• **Task brief**: Every word in the data below belongs in your copy, exactly as given; the pictures do not.

• **The data**:

▼▼▼

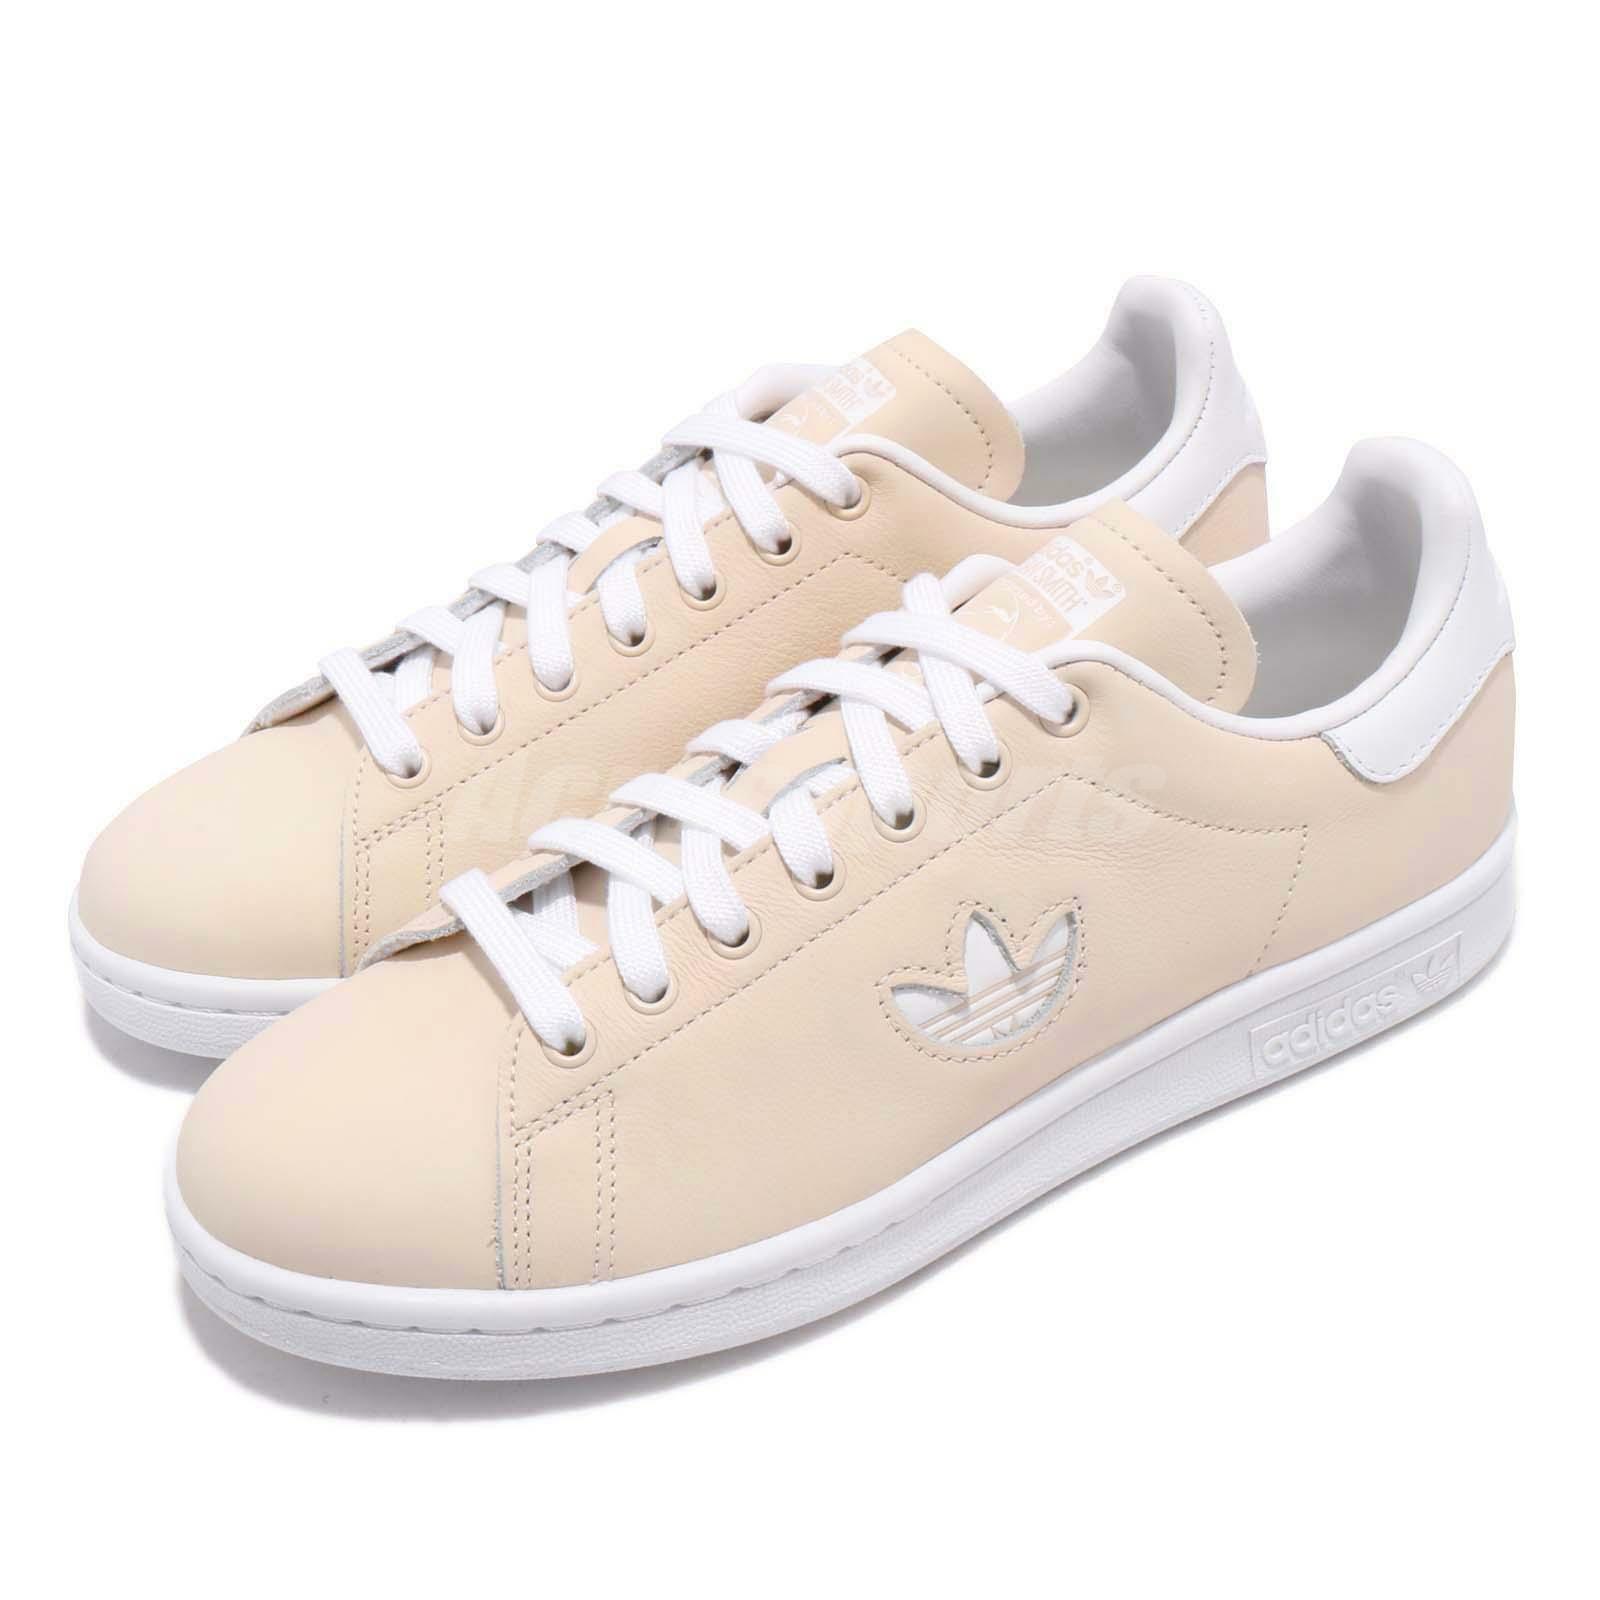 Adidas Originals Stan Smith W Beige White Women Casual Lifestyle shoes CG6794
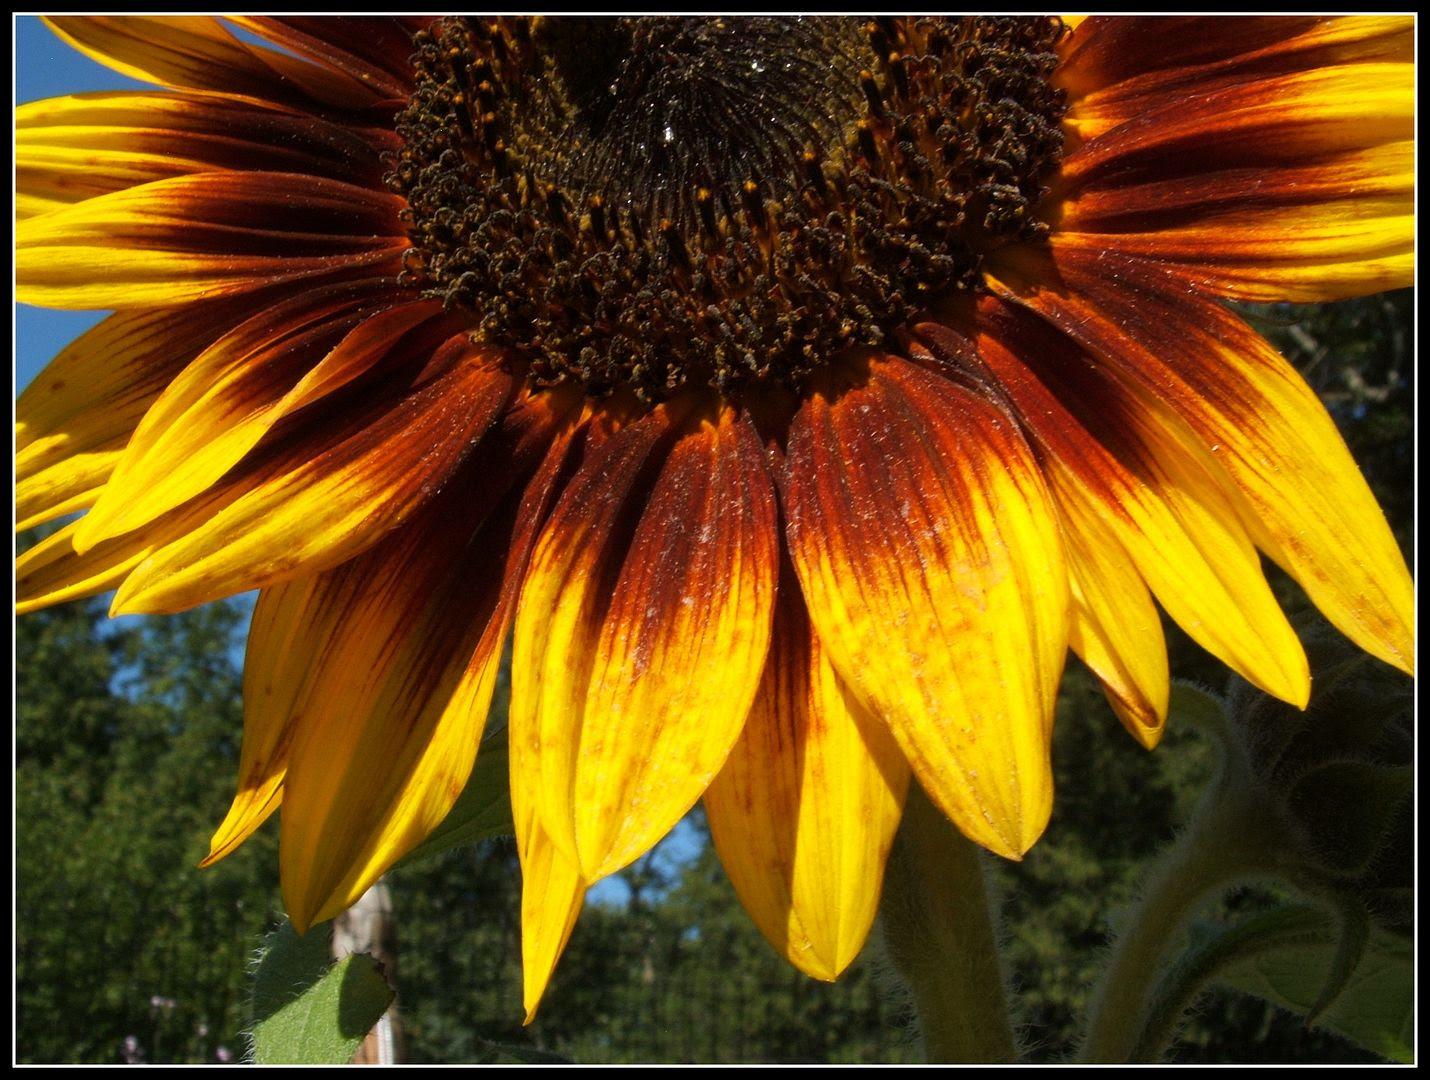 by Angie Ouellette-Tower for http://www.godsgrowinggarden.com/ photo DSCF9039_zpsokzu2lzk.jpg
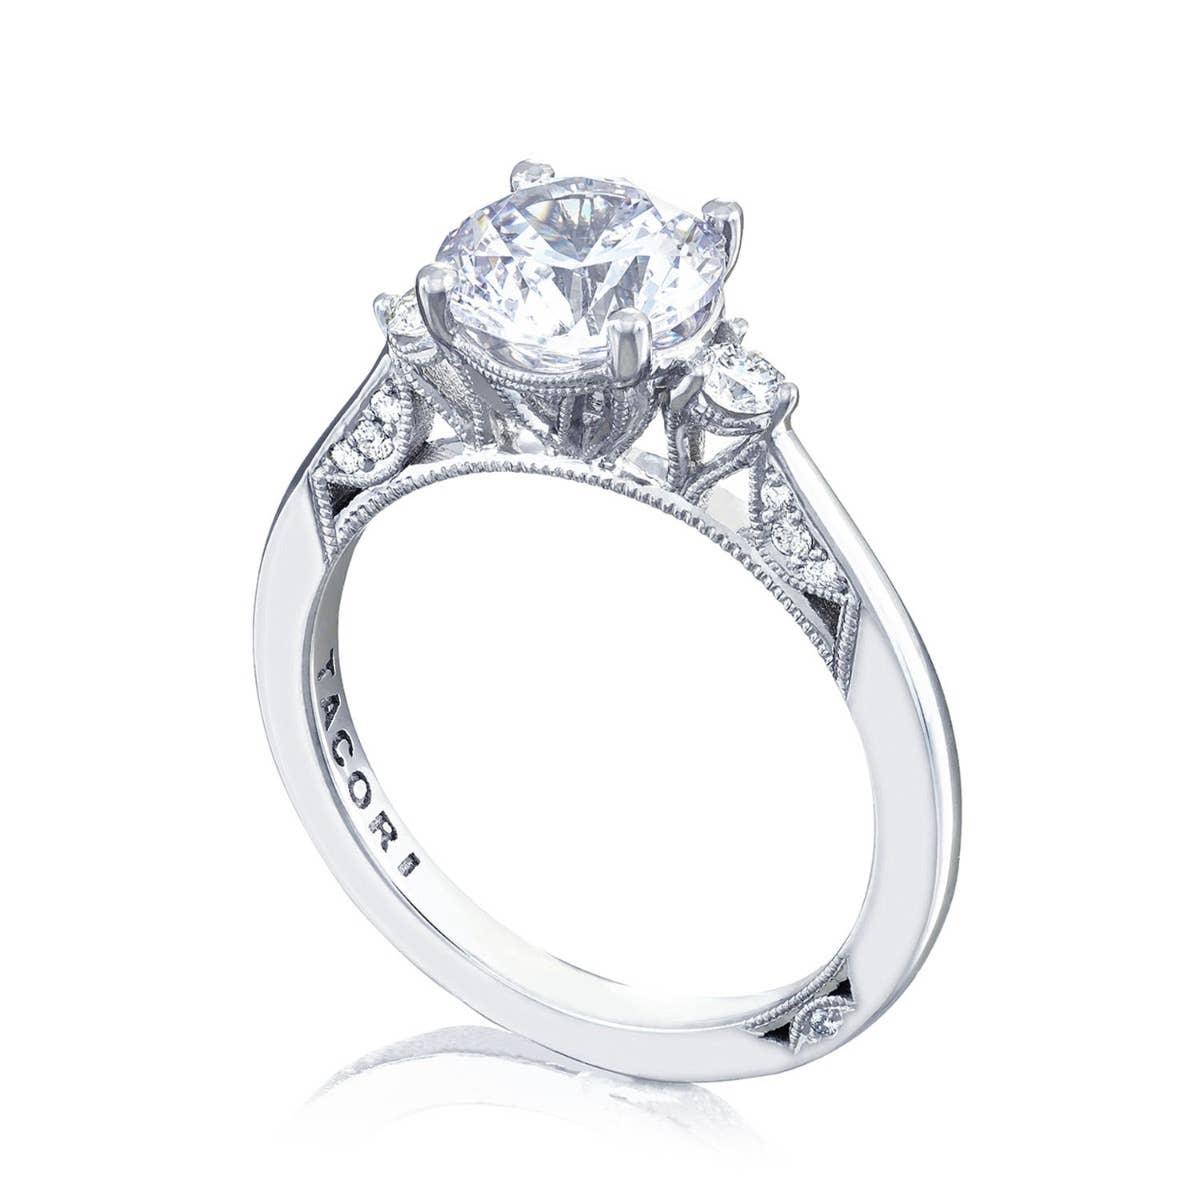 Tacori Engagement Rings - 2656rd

▲▲▲

• **Solution below**:
 Adidas Originals Stan Smith W Beige White Women Casual Lifestyle shoes CG6794
 by Angie Ouellette-Tower for http://www.godsgrowinggarden.com/ photo DSCF9039_zpsokzu2lzk.jpg
 Tacori Engagement Rings - 2656rd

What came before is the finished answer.